PortandTerminal.com, November 23, 2019
Russian nuclear agency wants to capitalize on the potential of the Northern Sea Route through a huge newbuilding push.
MOSCOW – Unlike CMA CGM, Hapag-Lloyd, MSC, Nike, H&M and other Western progressive companies that have pledged to avoid the Northern Sea Route (NSR) due to environmental concerns, Rosatom has been officially tasked by the Russian government with maximizing the Arctic region’s economic potential.
Rosatom, the Russian state nuclear power agency, is planning a massive expansion in the maritime shipping market with an investment of up to $7bn.
Reportedly, now Rosatom aims to become one of the top 15 maritime shippers in the world, transporting cargo from South-East Asia to Europe via the Arctic Northern Sea route, competing with alternative routes on the Pacific and Indian oceans, the Suez channel, and the Mediterranean.
Rosatom was selected by the Russian government to operate the NSR – the Arctic route Moscow wants to turn into a new Suez – coordinating the development of the project among its users.
Why invest in the Northern Sea Route?
Why invest in the Northern Sea Route?
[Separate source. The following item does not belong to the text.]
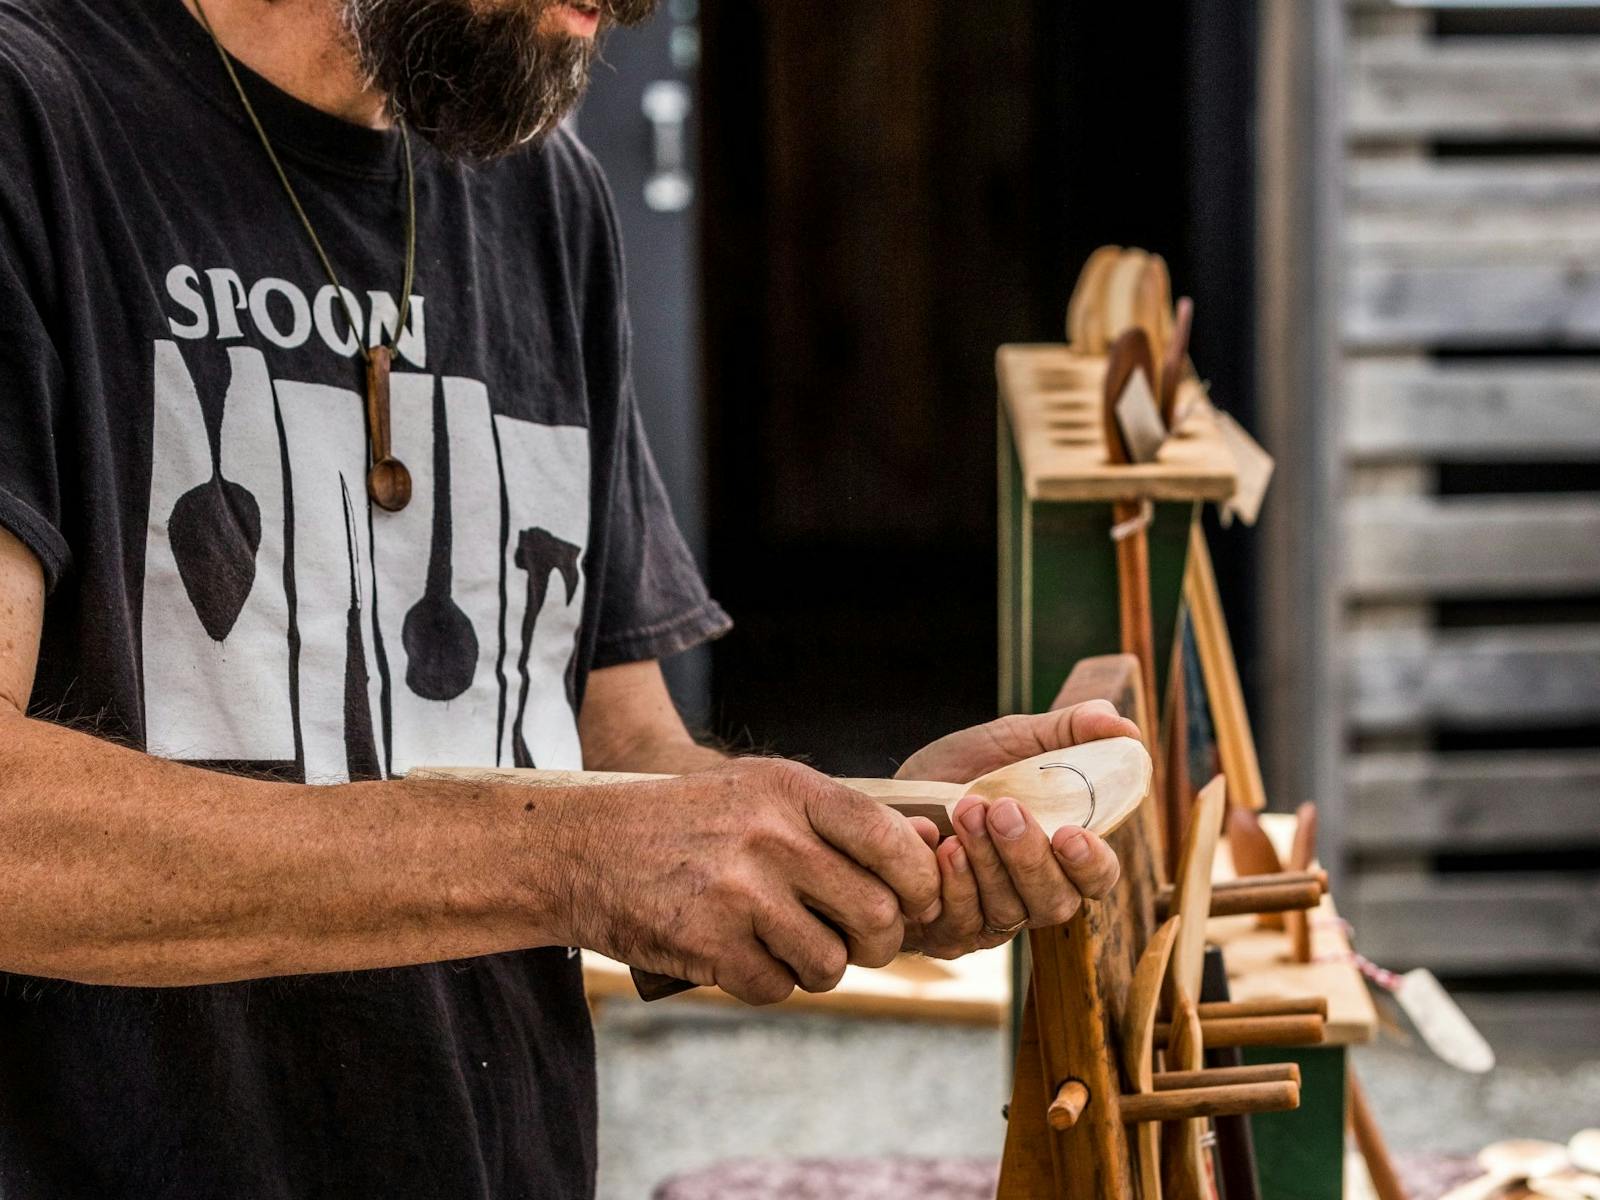 Hand carved spoons at Willie Smith's Apple Shed Market

Because it offers a shorter route between Asia and Europe. Ship routes from Europe to eastern Asia would be 4,000 kilometers (2,500 miles) shorter. That saves time, fuel and money.
The Northern Sea Route may cut travel time from Europe to Asia by 40% and allow Russia to export its vast natural resources much faster.
Rosatom is betting that there will be no shortage of shippers and shipping lines that like the proposition of saving time and money. They’re probably right. While major many Western players have come out against using the NSR, others such as DP World have said that they’re ready to support Russia in its push northwards. Others will jump on board too.